Optimizing Two-Stage Analysis of Multi-Environment Augmented Trials

Saulo Chaves

San Diego, USA
January 2026

Objectives

  • To provide a brief overview about the importance of sweetpotato breeding in developing countries
  • To demonstrate the importance of genomic selection as a feasible strategy in sweetpotato breeding
  • To show the utility of a proper two-stage analysis when facing complex situations

Content

  1. Background
    • Sweetpotato breeding
    • Genomic selection
  2. Population
    • Material and experimental design
  3. Models and outputs
    • Two-stage models
    • Single-stage models
  4. Wrap-up

Background

Sweetpotato

  • High production and consumption in Sub-Saharan Africa
    • 3rd most important food crop in 7 Eastern and Central African countries
    • 4th in 6 Southern African countries
    • 8th in 4 of Western African countries

Sweetpotato

  • Tolerates marginal growing conditions
  • Provides more edible energy per hectare per day than wheat, rice and cassava
  • A valuable source of vitamins A, B, C, and E

Sweetpotato

Orange-fleshed sweetpotato

“Just 125 g of fresh roots from most orange-fleshed varieties contain enough beta-carotene to provide the daily pro-vitamin A needs of a preschooler”

CIP

Sweetpotato breeding


Genomic selection

Modelling strategies

  • Single-stage model

\[ \boldsymbol{y} = \boldsymbol{X}\boldsymbol{b} + \boldsymbol{Z}\boldsymbol{g} + \boldsymbol{\varepsilon} \]
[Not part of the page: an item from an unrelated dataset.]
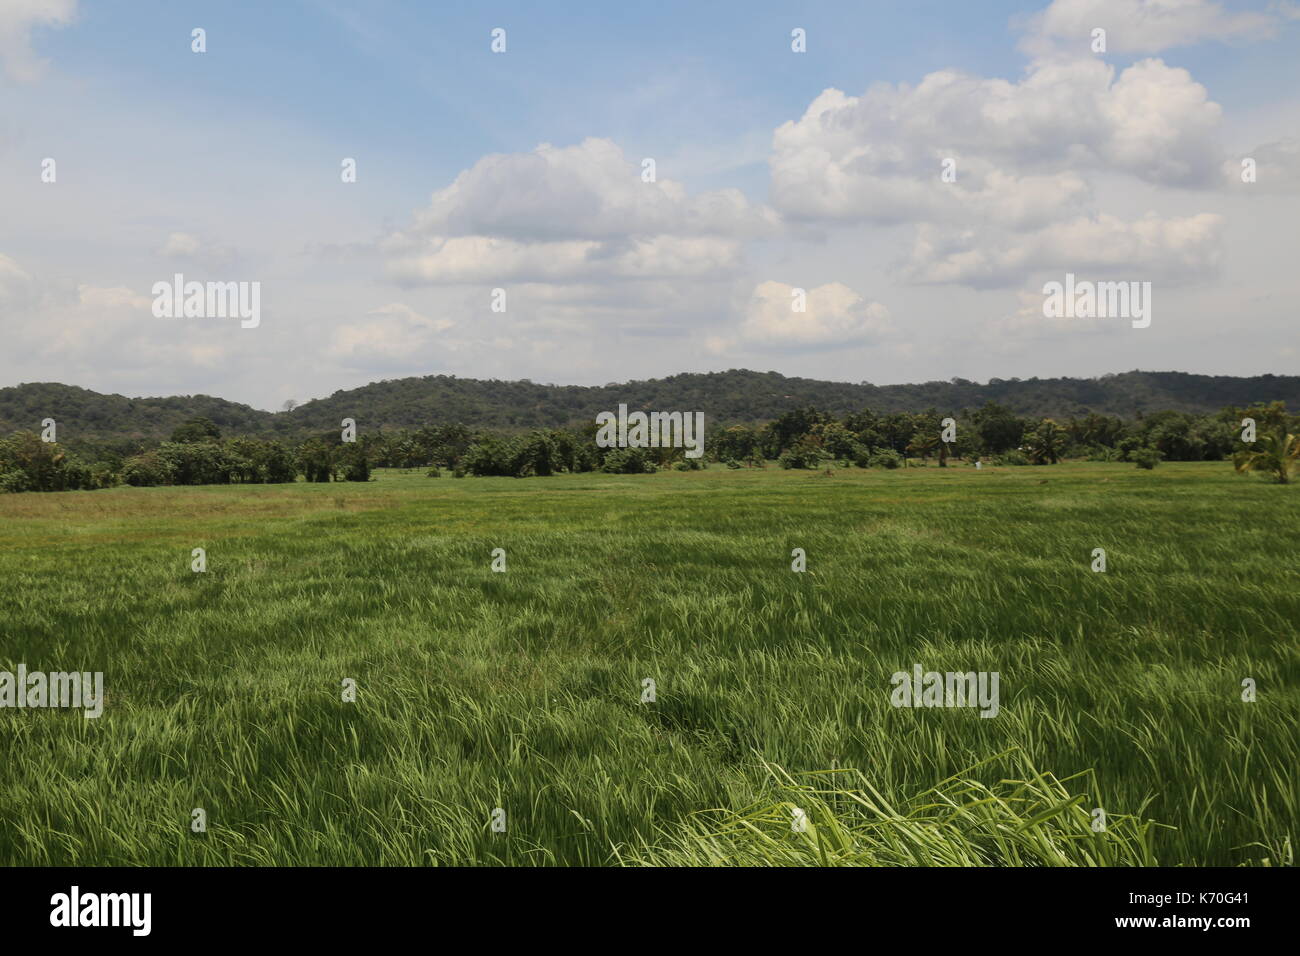 Rice paddy field, wind blowing, Sri Lanka, Asia Stock Photo
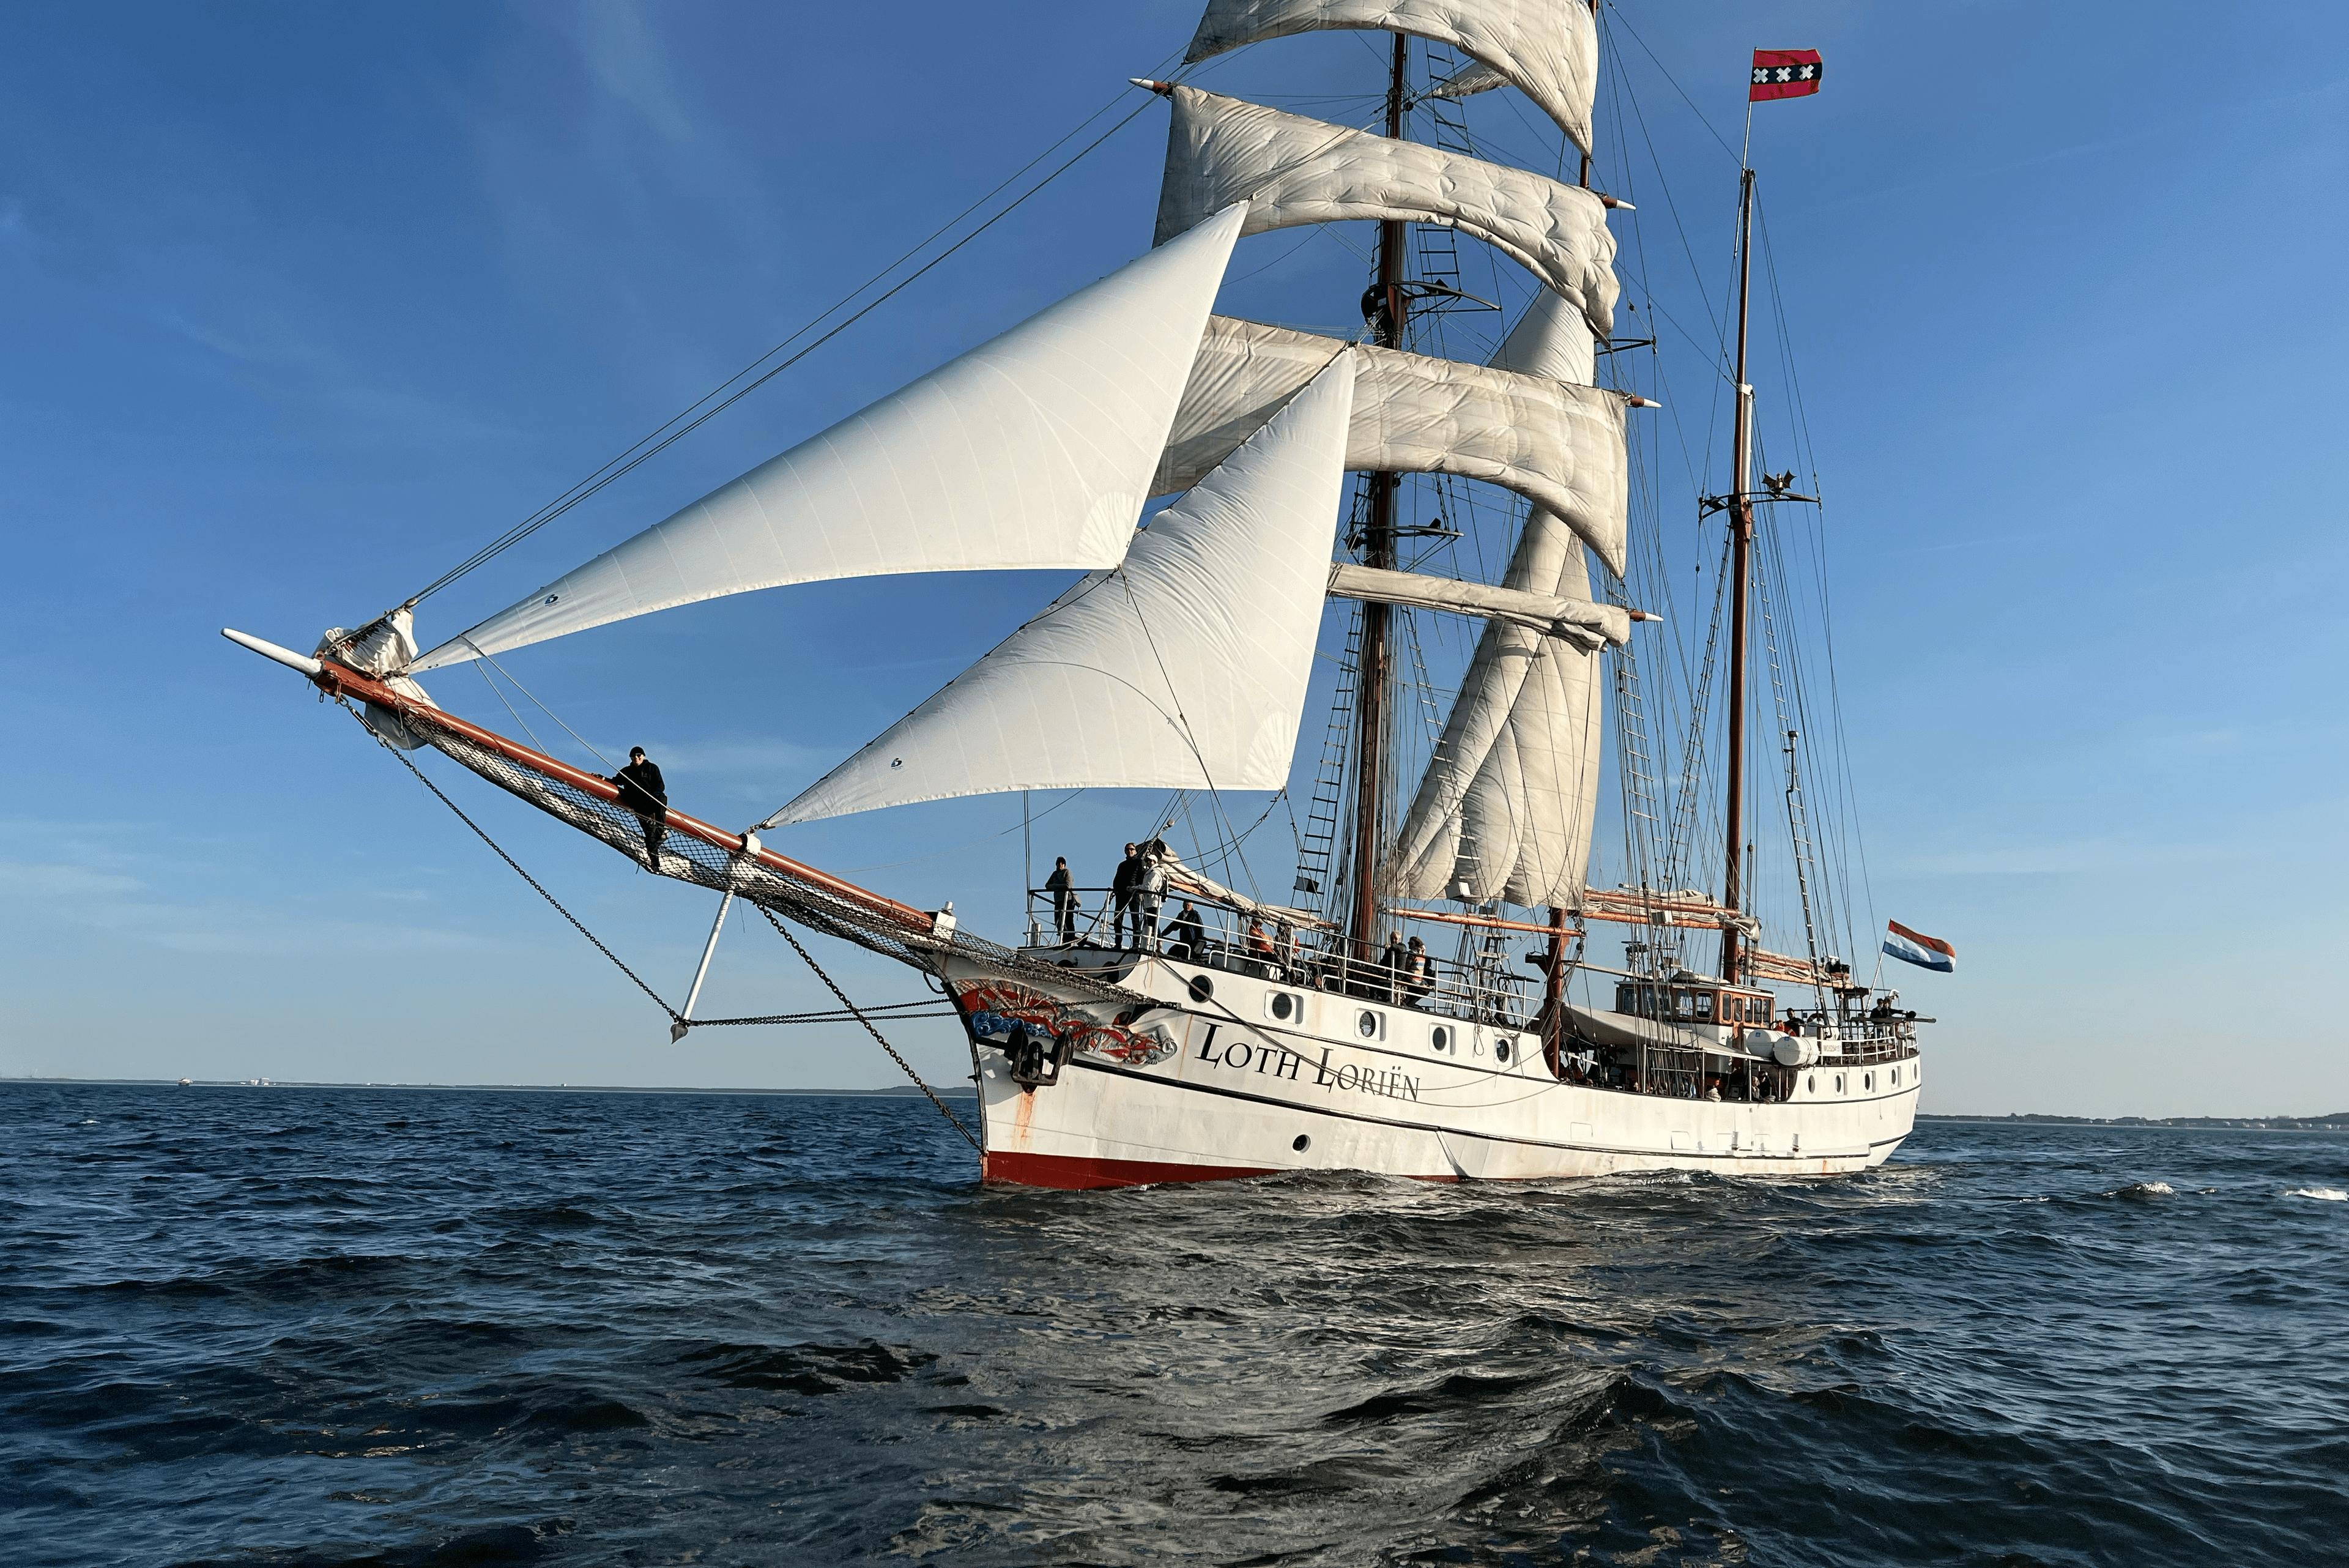 Segelschiff Loth Lorien mit geblähten Segeln auf der Ostsee

  • Plot-level multi-environment model
    • Gold-standard practice
    • No loss of information
  • Two-stage model
  • Single-environment model
    • Obtain adjusted means: \(\boldsymbol{y} = \boldsymbol{X}_1\boldsymbol{b} + \boldsymbol{X}_2\boldsymbol{g} + \boldsymbol{\varepsilon}\)
  • Weighted multi-environment model
    • Obtain GEBVs: \(\boldsymbol{\bar{y}} = \boldsymbol{X}\boldsymbol{e} + \boldsymbol{Z}\boldsymbol{g} + \boldsymbol{\varepsilon}\)

Modelling strategies

  • If single-stage models are gold standard, why using two-stage models?
    • Lack of computational resource
    • Data availability (e.g.: historical data)
    • Complexity of single-stage models

Hypothesis and objective

Considering that the efficiency of the two-stage approach relies heavily on the quality of the adjusted means obtained in the first stage, our goal was to test the hypothesis that dBLUPs or pedigree-based dBLUPs (dABLUPs) would be more appropriate as inputs for second-stage models than BLUEs

Population

Population

  • 1,138 test clones
    • Two pools: partial diallel
    • ~20 parents each
  • 39 parents
  • 8 checks
  • Trait: storage root yield

Genotyping

Models and outputs

Single-environment analyses

\[ \boldsymbol y = \boldsymbol 1 \mu + \boldsymbol{X}_1 \boldsymbol b + \boldsymbol{X}_2 \boldsymbol t + \boldsymbol{Z}_1 \boldsymbol g + \boldsymbol {Z}_2 \boldsymbol r + \boldsymbol Z_3 \boldsymbol c + \boldsymbol Z_4 \boldsymbol{rc} + \boldsymbol \varepsilon \]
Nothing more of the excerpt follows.